* _HOW TO COMPLETE THIS TASK_
Copy the listing as it is written, and leave each picture out.

* _DATA PROVIDED_
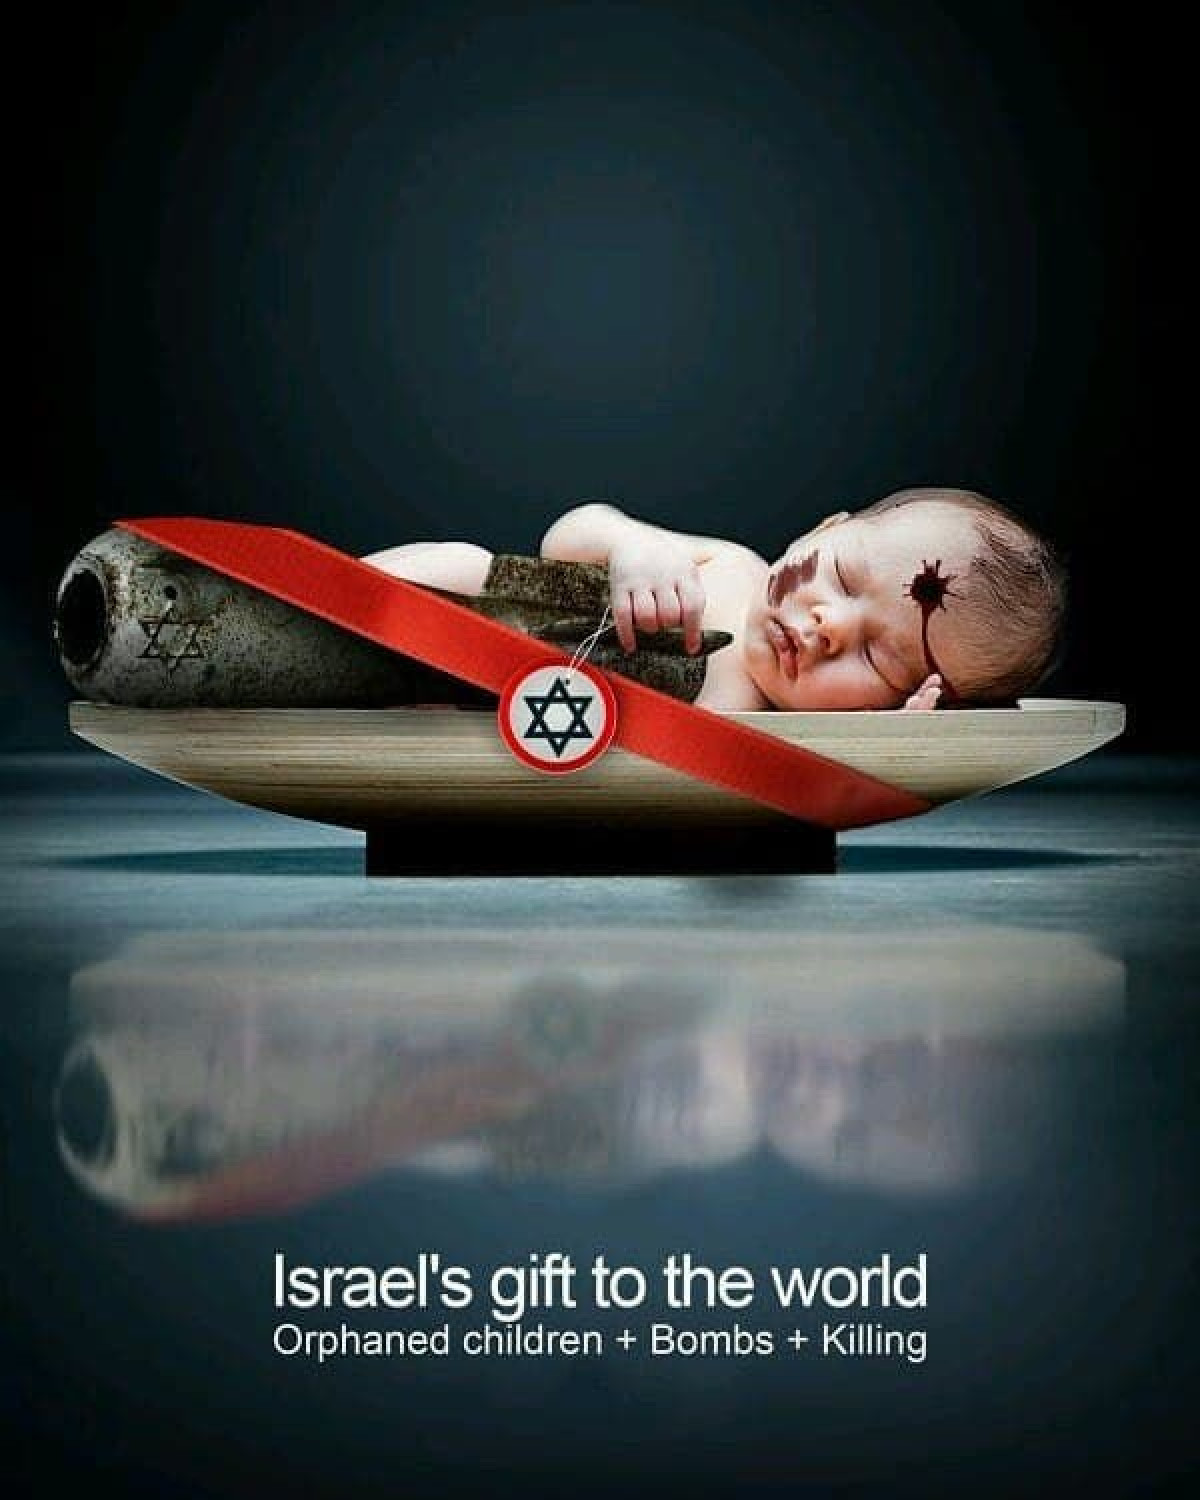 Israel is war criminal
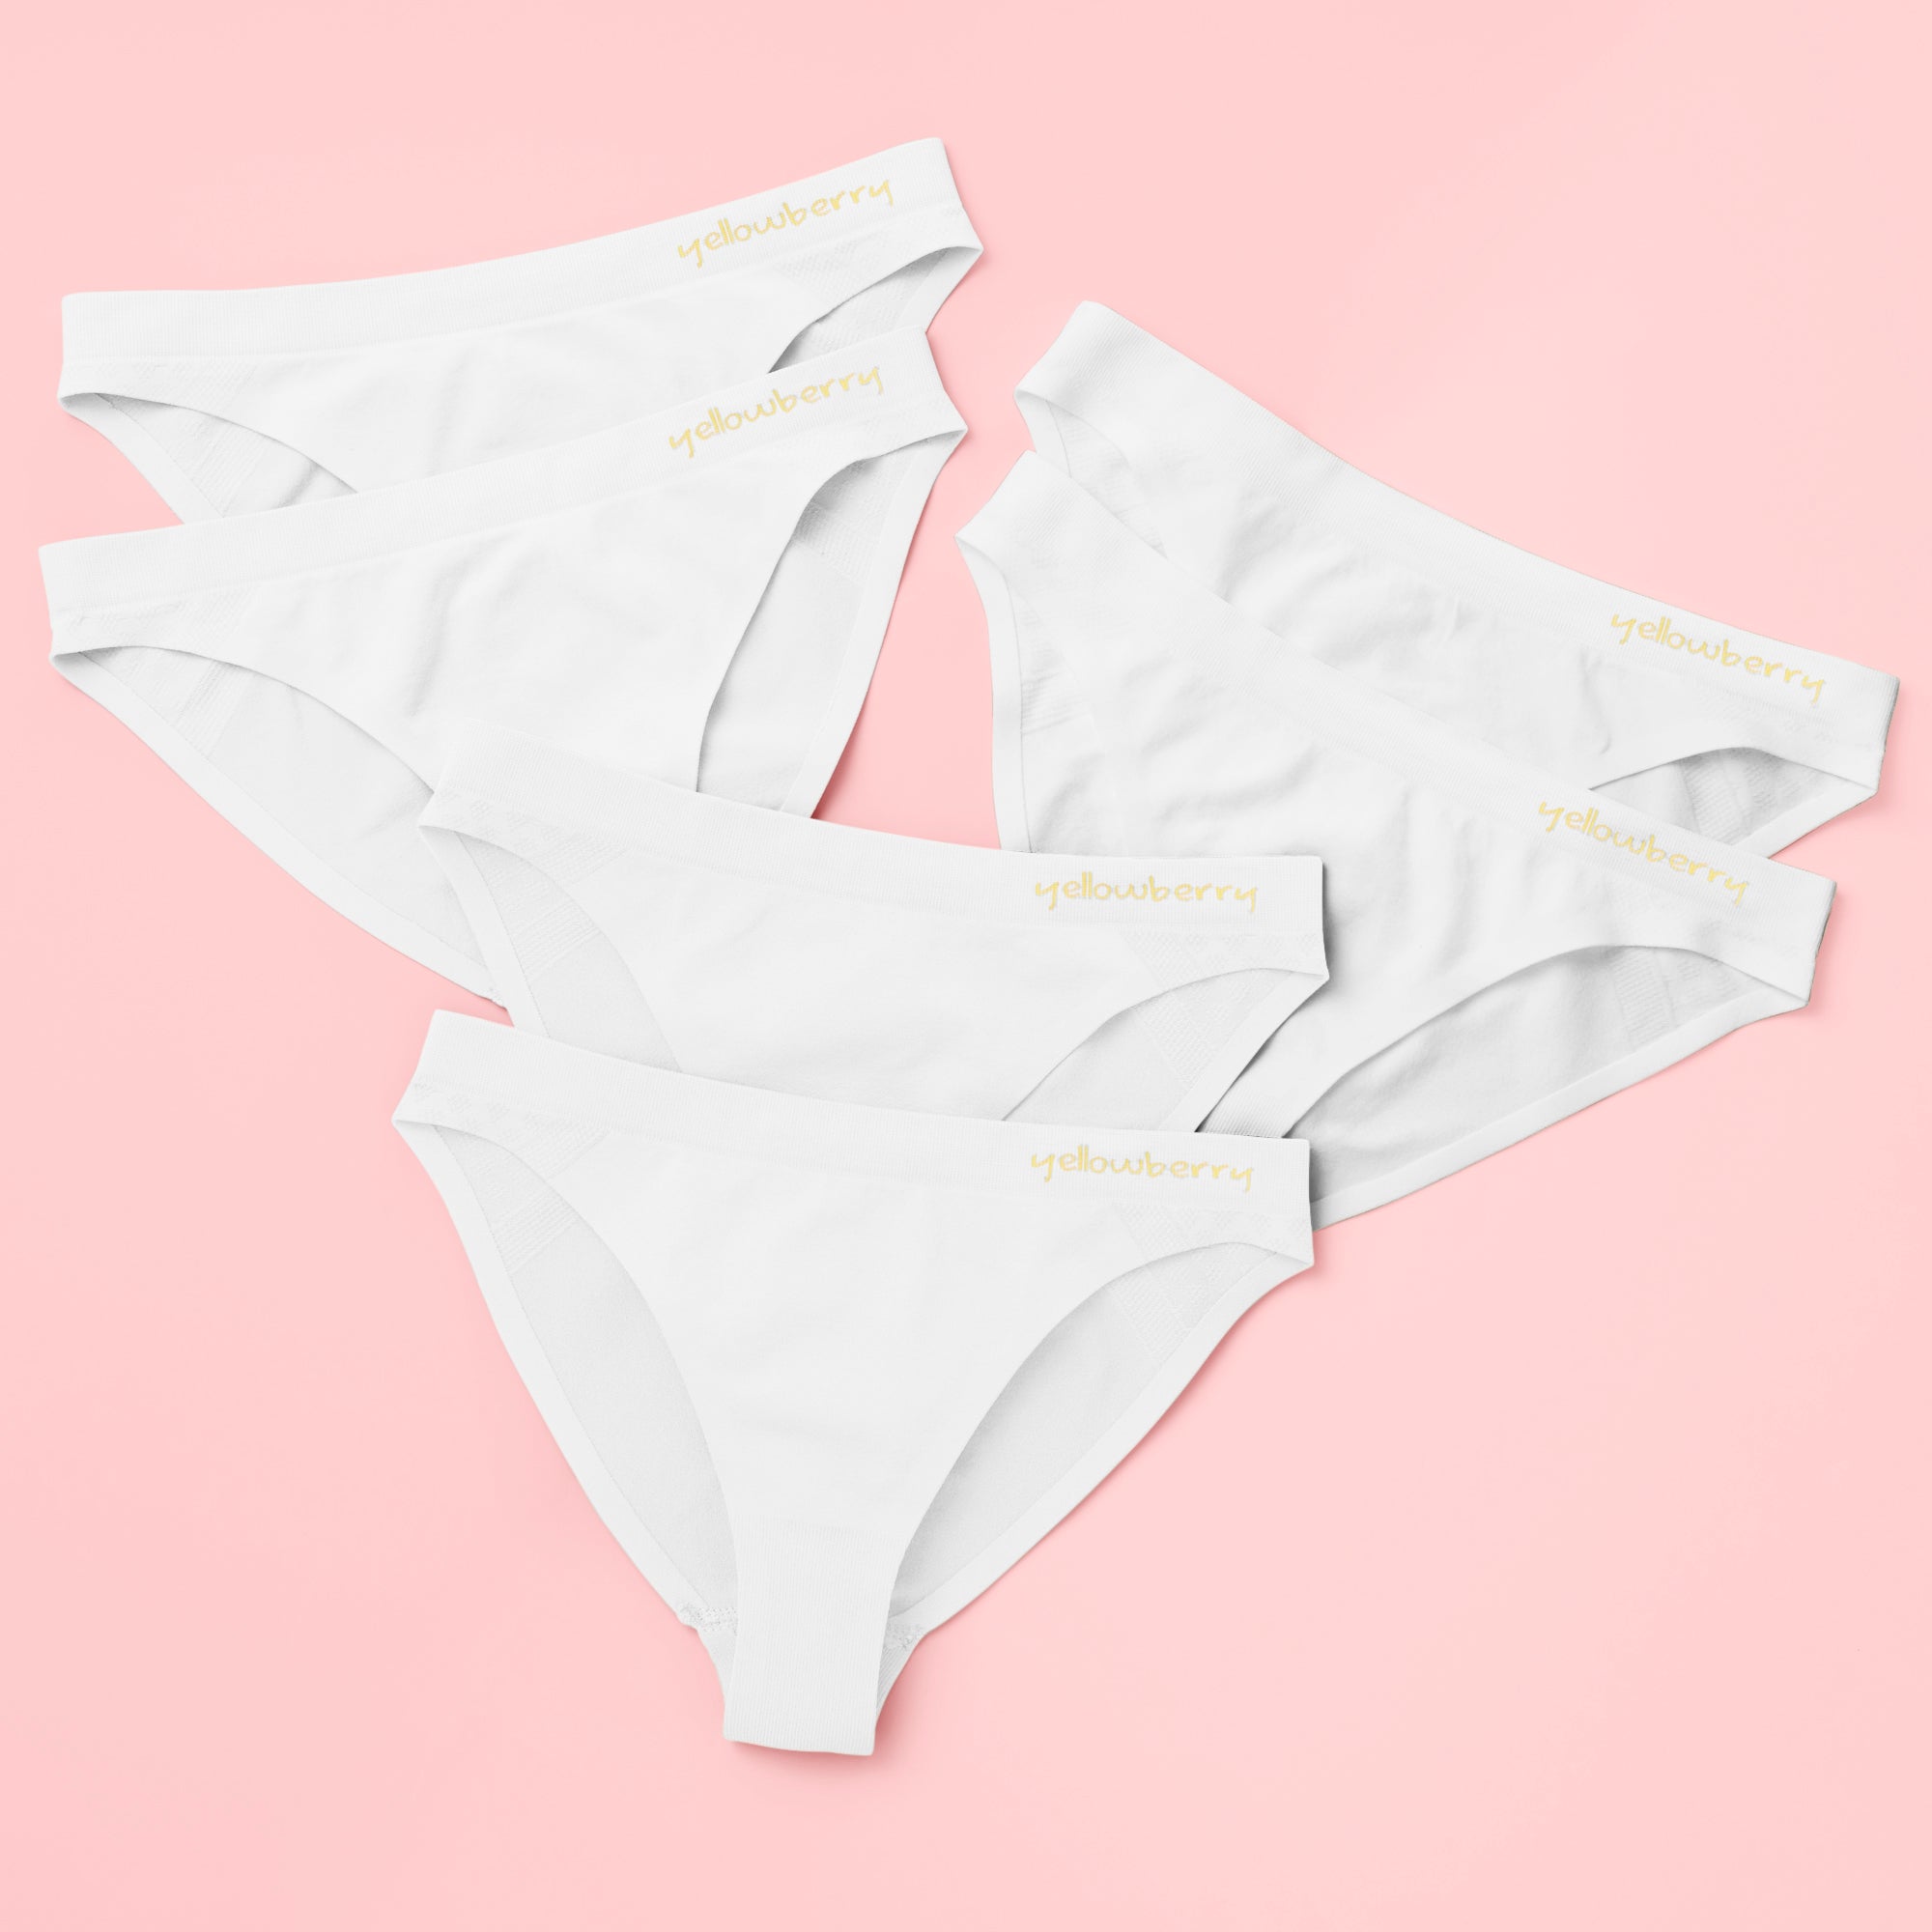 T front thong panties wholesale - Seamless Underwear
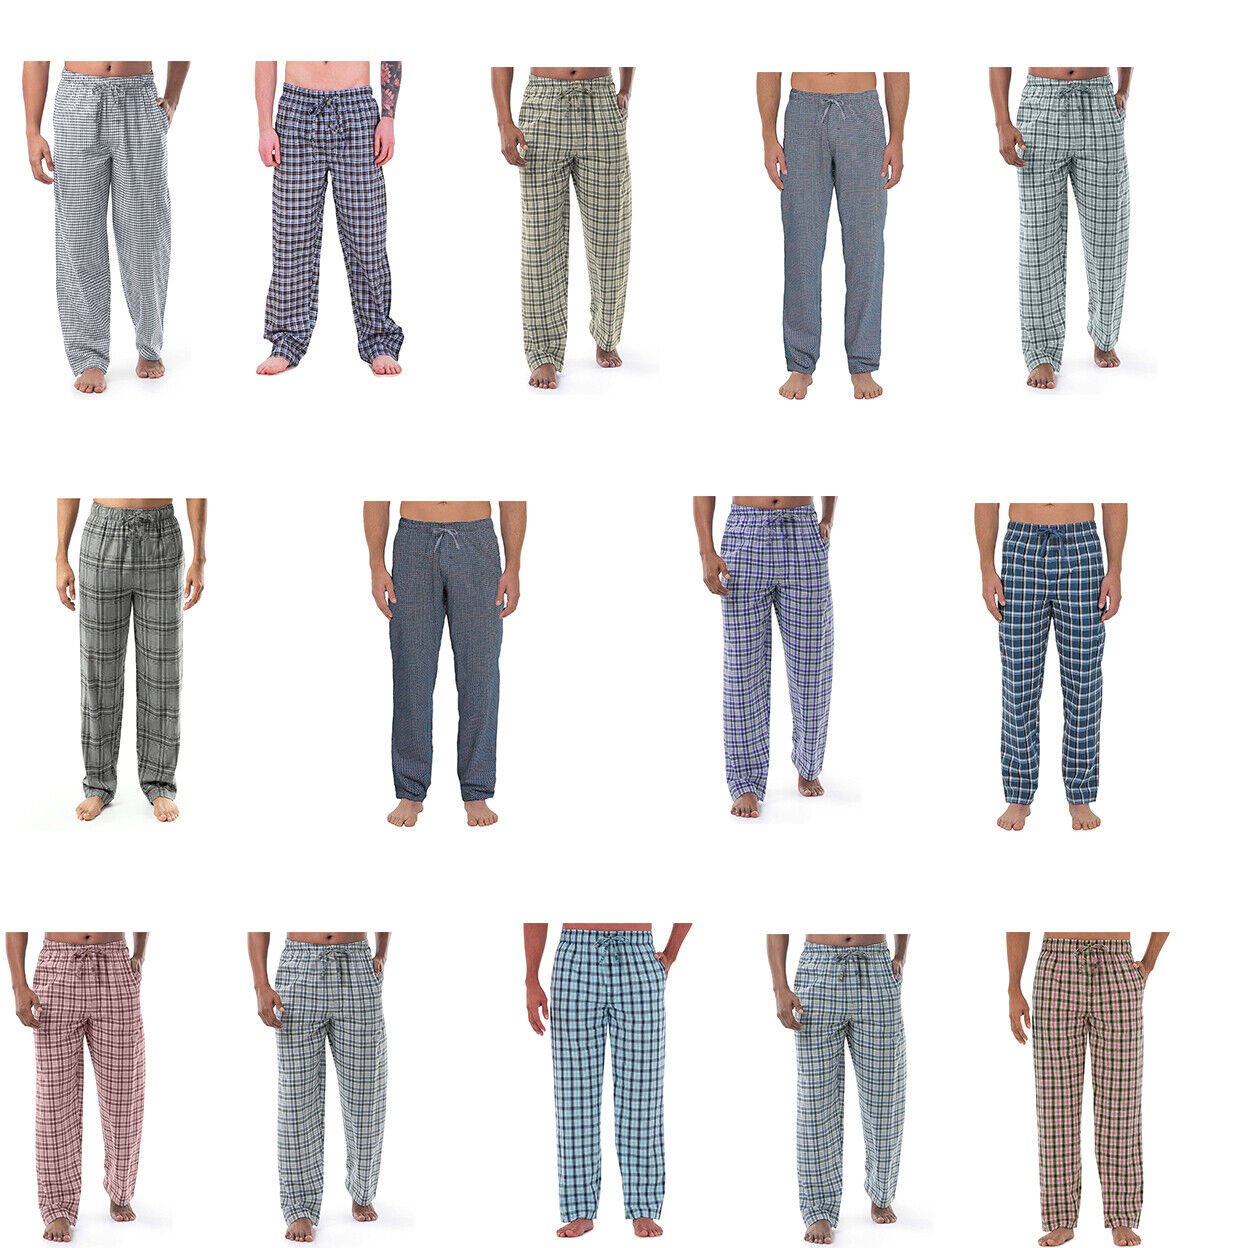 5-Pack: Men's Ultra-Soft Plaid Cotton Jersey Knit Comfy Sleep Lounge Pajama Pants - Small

* _THE COMPLETED TASK_
 Israel is war criminal
 T front thong panties wholesale - Seamless Underwear
 5-Pack: Men's Ultra-Soft Plaid Cotton Jersey Knit Comfy Sleep Lounge Pajama Pants - Small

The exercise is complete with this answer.